LISTED ENTRIES =>
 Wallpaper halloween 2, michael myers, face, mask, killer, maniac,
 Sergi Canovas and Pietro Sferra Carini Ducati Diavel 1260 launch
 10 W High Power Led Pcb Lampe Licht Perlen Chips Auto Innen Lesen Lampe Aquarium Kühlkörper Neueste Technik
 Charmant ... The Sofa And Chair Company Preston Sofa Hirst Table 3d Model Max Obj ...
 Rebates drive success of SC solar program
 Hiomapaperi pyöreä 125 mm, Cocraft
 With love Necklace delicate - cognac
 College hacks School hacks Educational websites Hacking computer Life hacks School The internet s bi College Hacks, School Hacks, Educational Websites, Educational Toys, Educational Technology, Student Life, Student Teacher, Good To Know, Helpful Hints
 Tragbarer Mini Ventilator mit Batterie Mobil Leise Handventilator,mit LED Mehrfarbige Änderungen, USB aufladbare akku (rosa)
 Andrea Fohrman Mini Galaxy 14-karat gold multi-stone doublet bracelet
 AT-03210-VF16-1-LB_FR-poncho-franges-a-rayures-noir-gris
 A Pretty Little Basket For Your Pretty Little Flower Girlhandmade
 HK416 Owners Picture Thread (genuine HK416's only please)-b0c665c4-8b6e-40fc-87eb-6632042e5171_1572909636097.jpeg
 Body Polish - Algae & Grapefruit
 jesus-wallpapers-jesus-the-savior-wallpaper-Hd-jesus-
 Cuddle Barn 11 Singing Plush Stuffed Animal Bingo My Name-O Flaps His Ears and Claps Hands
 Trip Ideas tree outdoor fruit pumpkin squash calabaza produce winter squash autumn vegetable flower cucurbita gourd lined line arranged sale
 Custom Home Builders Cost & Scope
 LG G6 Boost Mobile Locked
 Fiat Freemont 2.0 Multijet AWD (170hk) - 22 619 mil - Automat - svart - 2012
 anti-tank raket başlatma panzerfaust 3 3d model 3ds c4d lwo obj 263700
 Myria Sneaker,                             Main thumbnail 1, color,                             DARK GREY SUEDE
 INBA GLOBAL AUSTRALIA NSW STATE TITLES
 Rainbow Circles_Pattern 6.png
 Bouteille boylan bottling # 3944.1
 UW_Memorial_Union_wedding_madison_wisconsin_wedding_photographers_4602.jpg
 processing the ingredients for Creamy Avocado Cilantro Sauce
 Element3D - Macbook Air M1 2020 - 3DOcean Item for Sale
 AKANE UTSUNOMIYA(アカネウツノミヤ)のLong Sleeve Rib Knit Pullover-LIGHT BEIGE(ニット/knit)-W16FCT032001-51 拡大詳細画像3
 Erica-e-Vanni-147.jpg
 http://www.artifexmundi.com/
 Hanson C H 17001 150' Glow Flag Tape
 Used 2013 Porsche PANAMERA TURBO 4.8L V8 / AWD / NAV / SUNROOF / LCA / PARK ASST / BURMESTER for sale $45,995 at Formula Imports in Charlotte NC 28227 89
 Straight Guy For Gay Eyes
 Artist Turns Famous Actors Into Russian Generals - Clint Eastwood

WHAT THE TASK ASKS =>
Copy word for word the stretch of entries above from the line that has "HK416 Owners Picture" through the line that has "anti-tank raket başlatma", both ends included, and nothing outside it.

TASK RESULT =>
 HK416 Owners Picture Thread (genuine HK416's only please)-b0c665c4-8b6e-40fc-87eb-6632042e5171_1572909636097.jpeg
 Body Polish - Algae & Grapefruit
 jesus-wallpapers-jesus-the-savior-wallpaper-Hd-jesus-
 Cuddle Barn 11 Singing Plush Stuffed Animal Bingo My Name-O Flaps His Ears and Claps Hands
 Trip Ideas tree outdoor fruit pumpkin squash calabaza produce winter squash autumn vegetable flower cucurbita gourd lined line arranged sale
 Custom Home Builders Cost & Scope
 LG G6 Boost Mobile Locked
 Fiat Freemont 2.0 Multijet AWD (170hk) - 22 619 mil - Automat - svart - 2012
 anti-tank raket başlatma panzerfaust 3 3d model 3ds c4d lwo obj 263700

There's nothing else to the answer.